Task instructions
No pictures go into the copy. Write out every line below exactly.

Available data
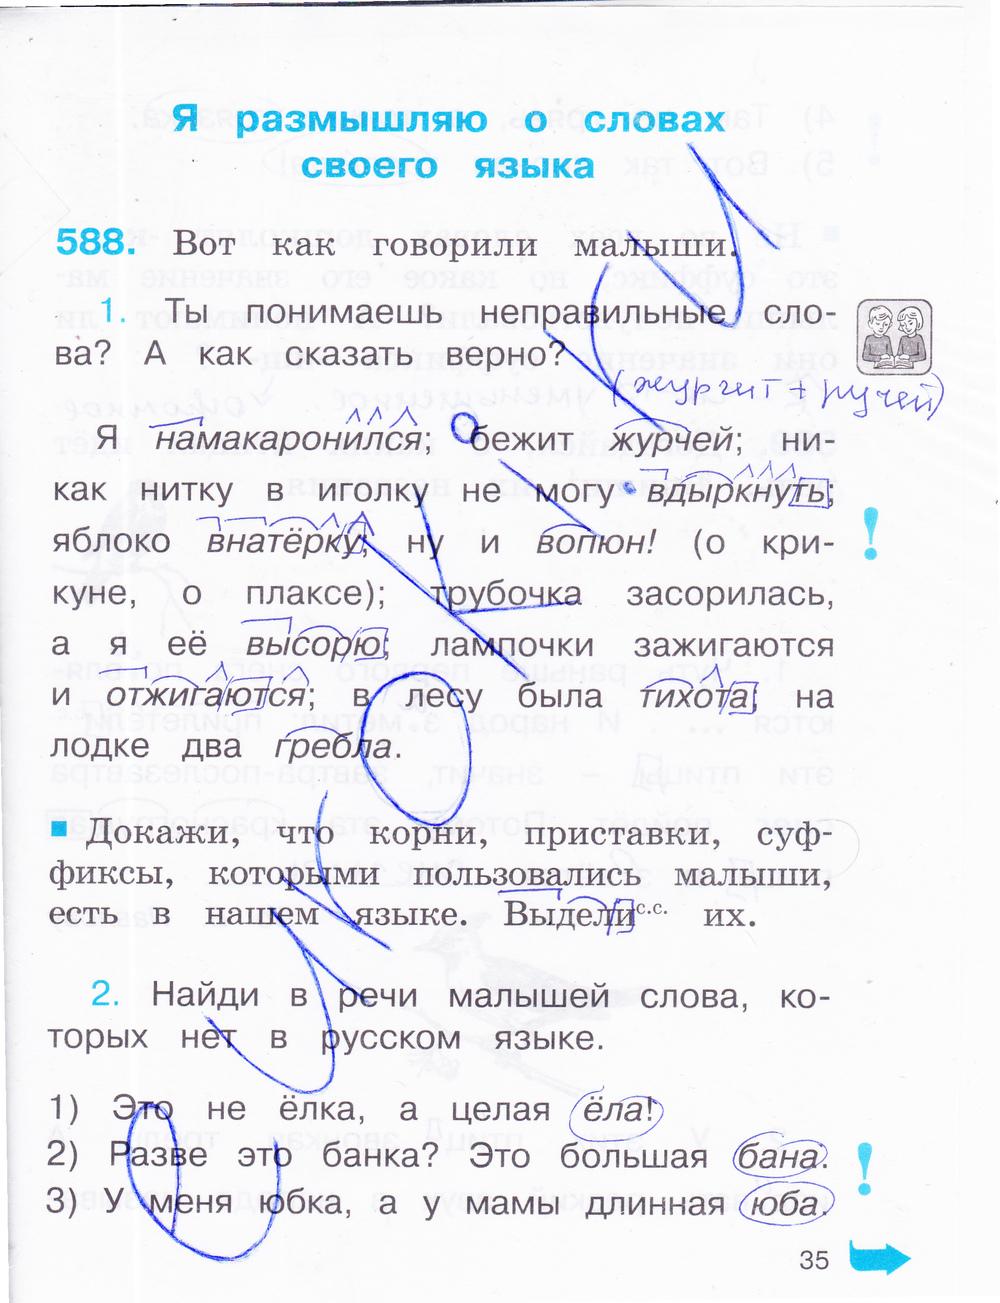 Русский соловейчик 2 класс гдз
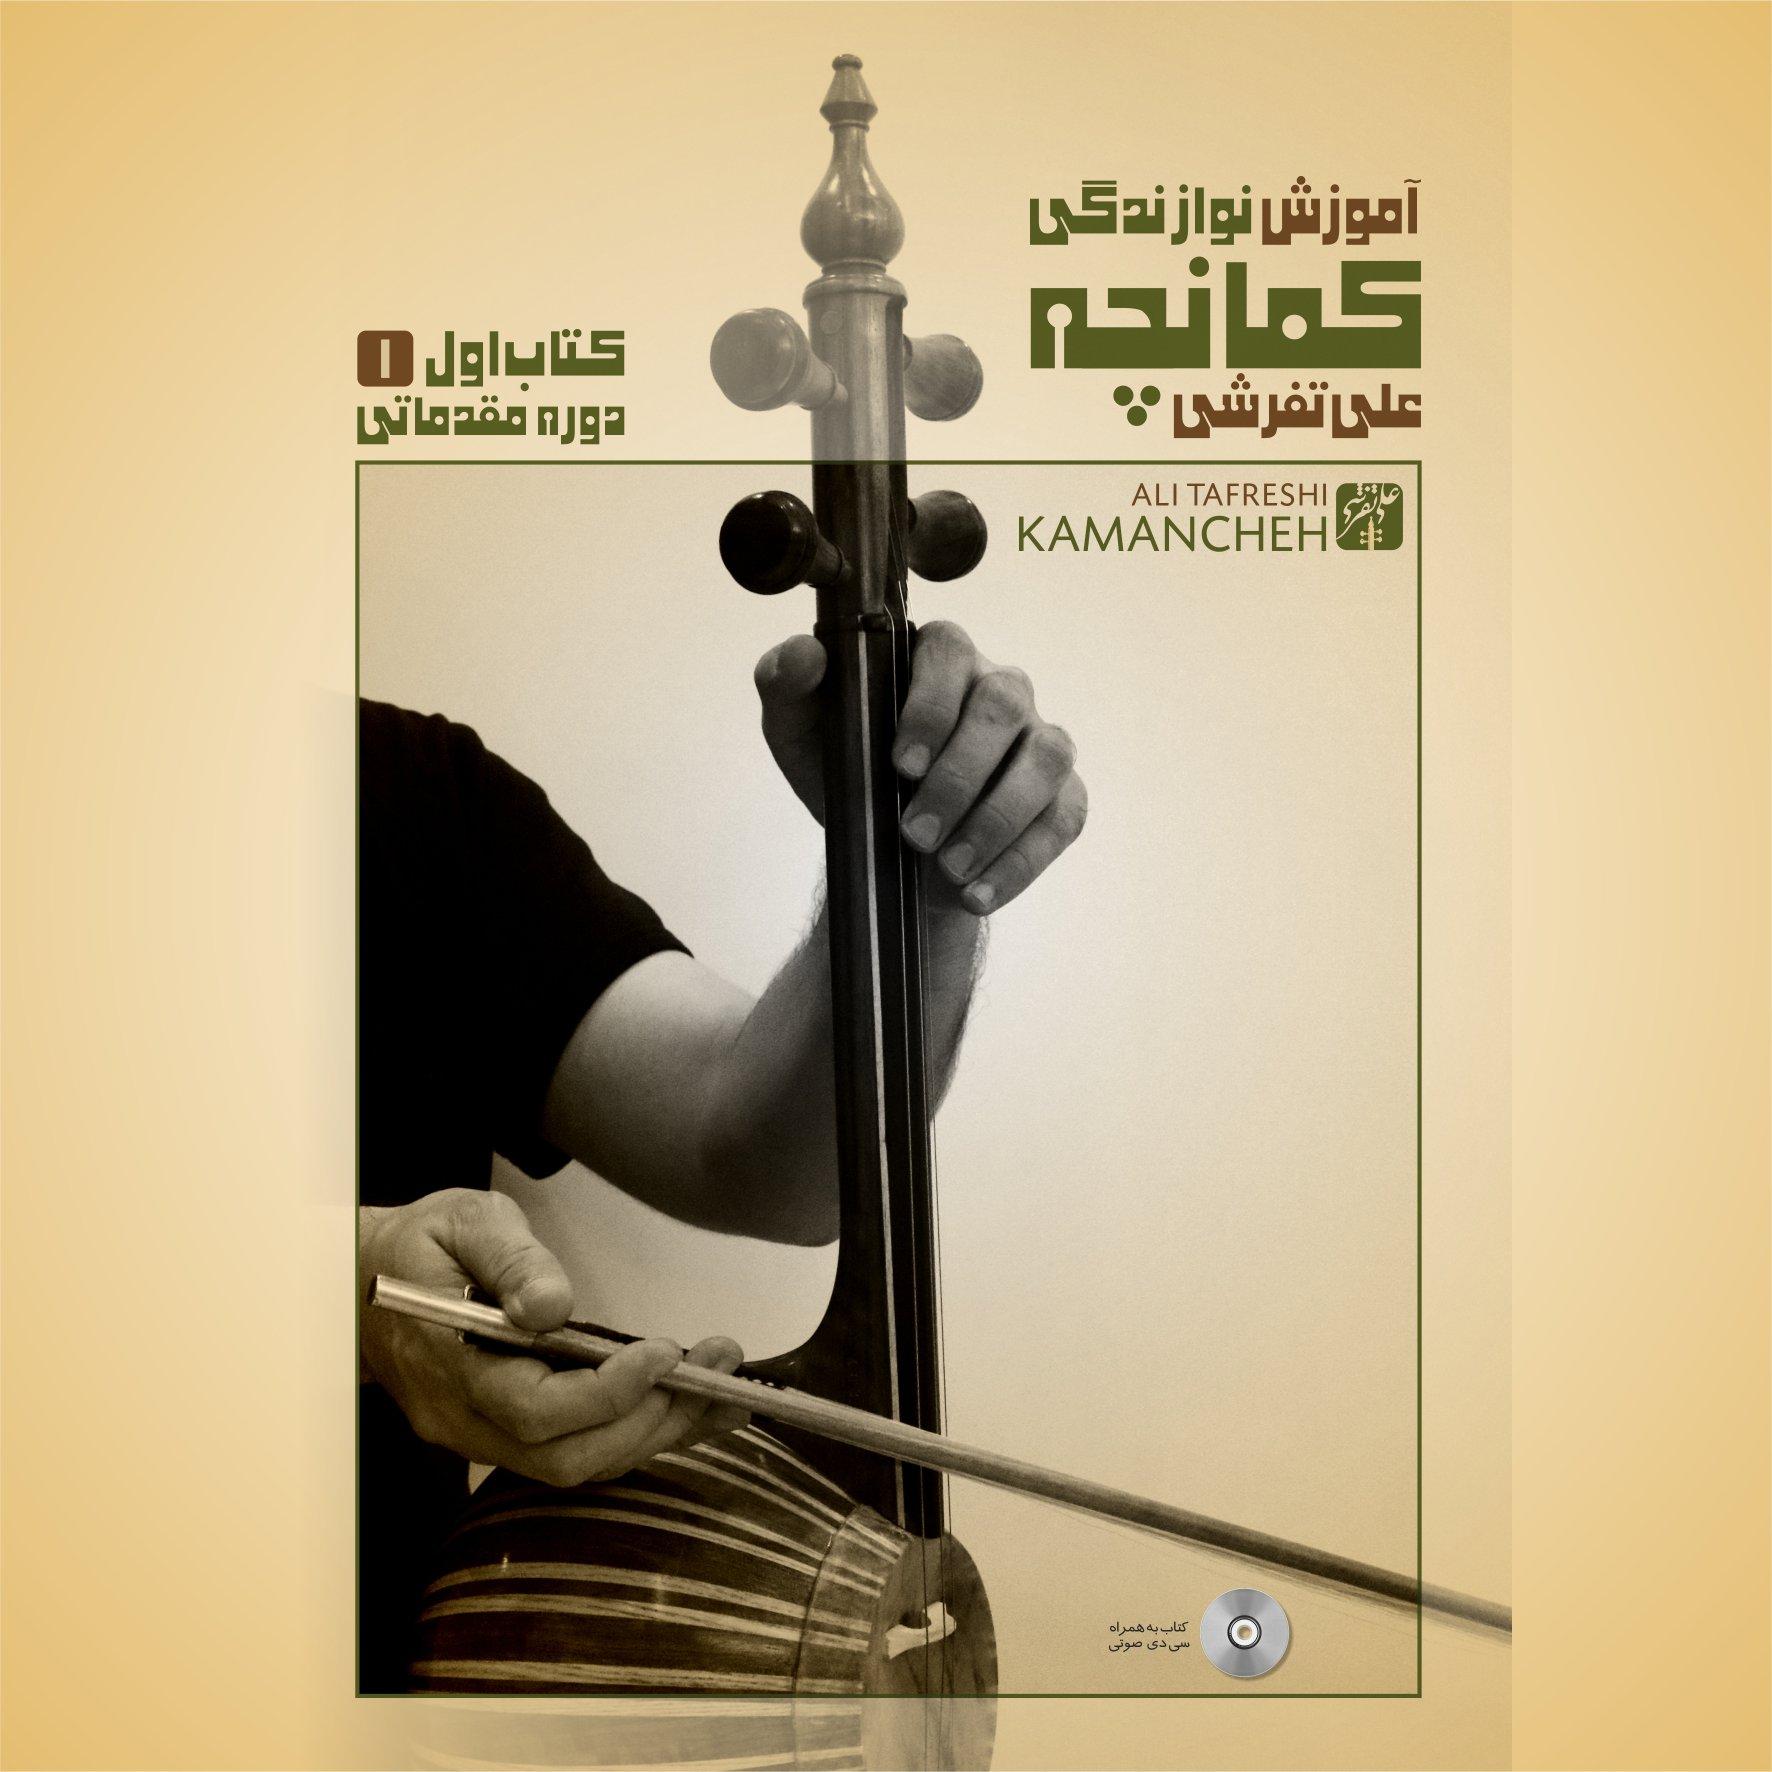 کتاب آموزش نوازندگی کمانچه دوره مقدماتی اثر علی تفرشی انتشارات موسیقی عارف
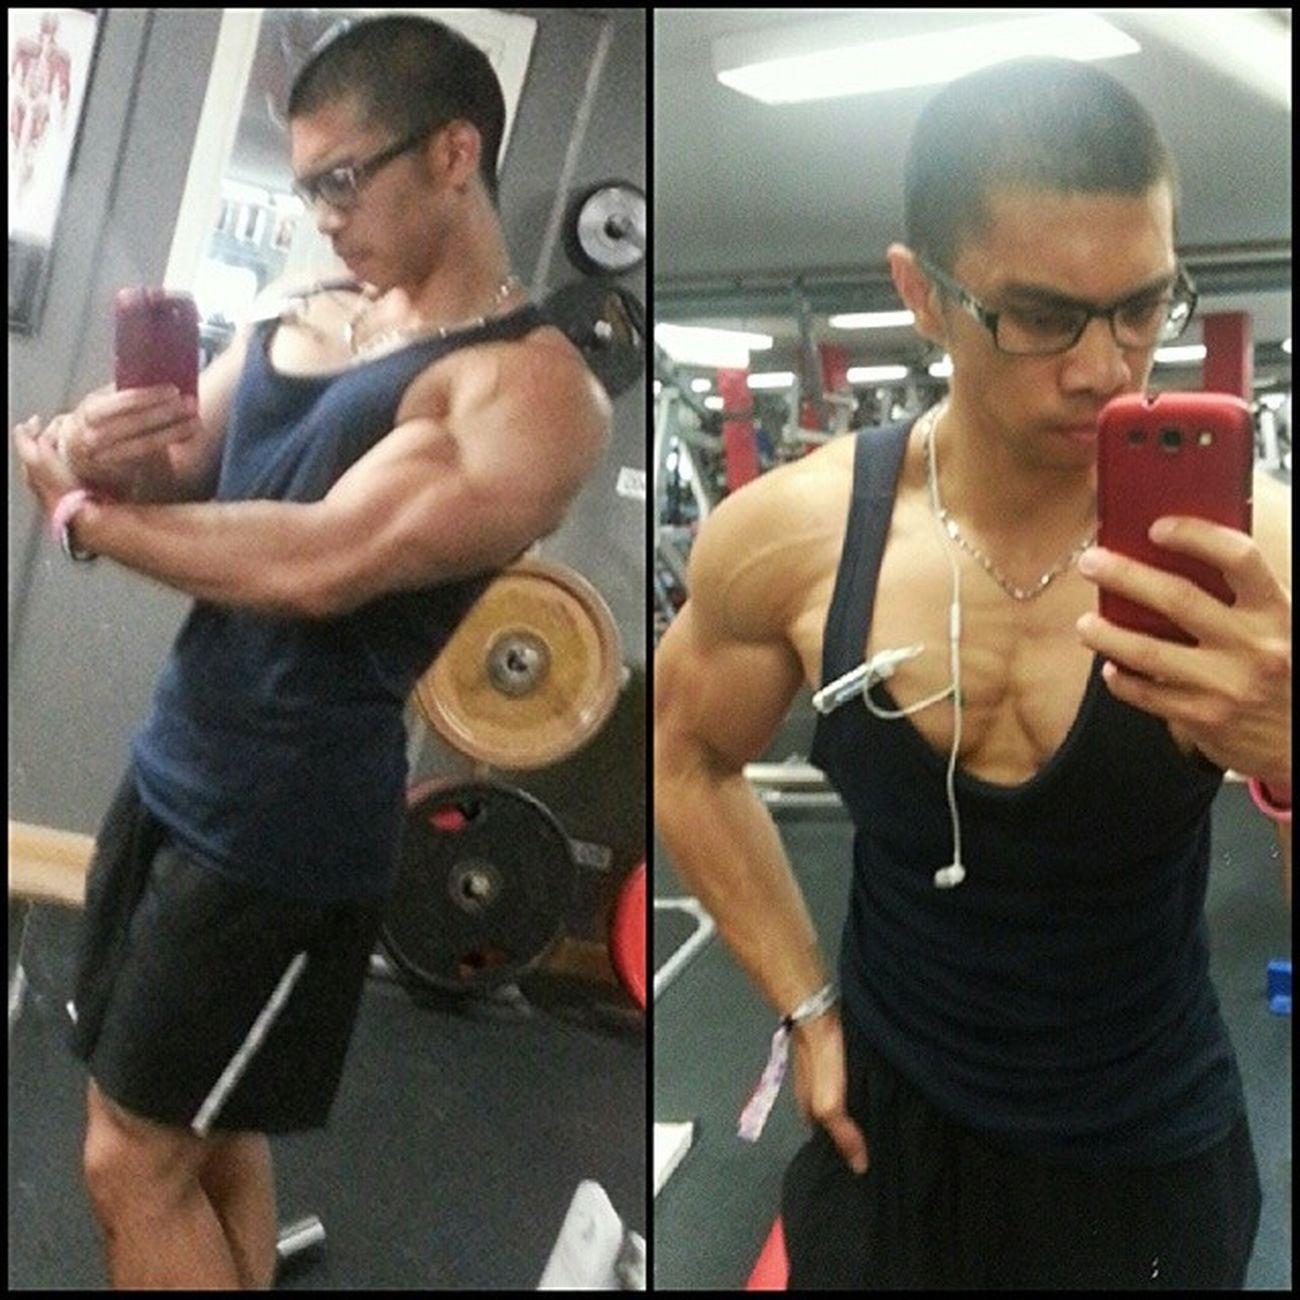 Dieten fortsätter...Är förvånansvärt enkelt att dieta när man räknar kalorier, däremot så vill man äta non-stop. Ligger på riktigt låg kaloriintag nu, men formen blir bättre. Gått ner 12kg nu sedan dietstart. Exhalegym Flagom Aldrigvila Minresaräknas diet bodybuilding fitness motivation diet gym shredded ripped igfit flex
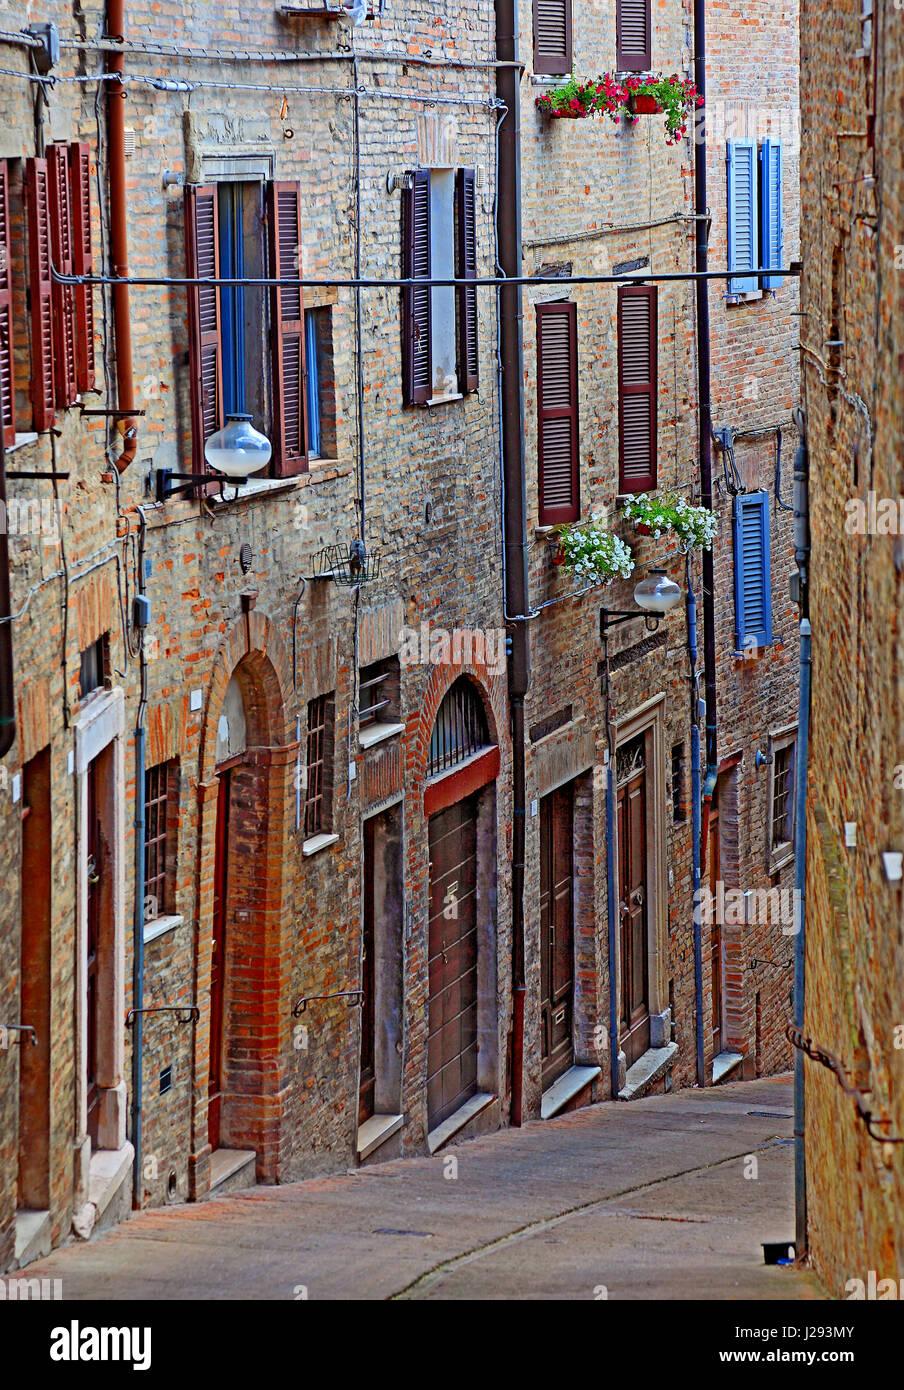 Ruelle de la vieille ville d'Urbin, Marches, Italie Banque D'Images

Exercise answer
 Русский соловейчик 2 класс гдз
 کتاب آموزش نوازندگی کمانچه دوره مقدماتی اثر علی تفرشی انتشارات موسیقی عارف
 Dieten fortsätter...Är förvånansvärt enkelt att dieta när man räknar kalorier, däremot så vill man äta non-stop. Ligger på riktigt låg kaloriintag nu, men formen blir bättre. Gått ner 12kg nu sedan dietstart. Exhalegym Flagom Aldrigvila Minresaräknas diet bodybuilding fitness motivation diet gym shredded ripped igfit flex
 Ruelle de la vieille ville d'Urbin, Marches, Italie Banque D'Images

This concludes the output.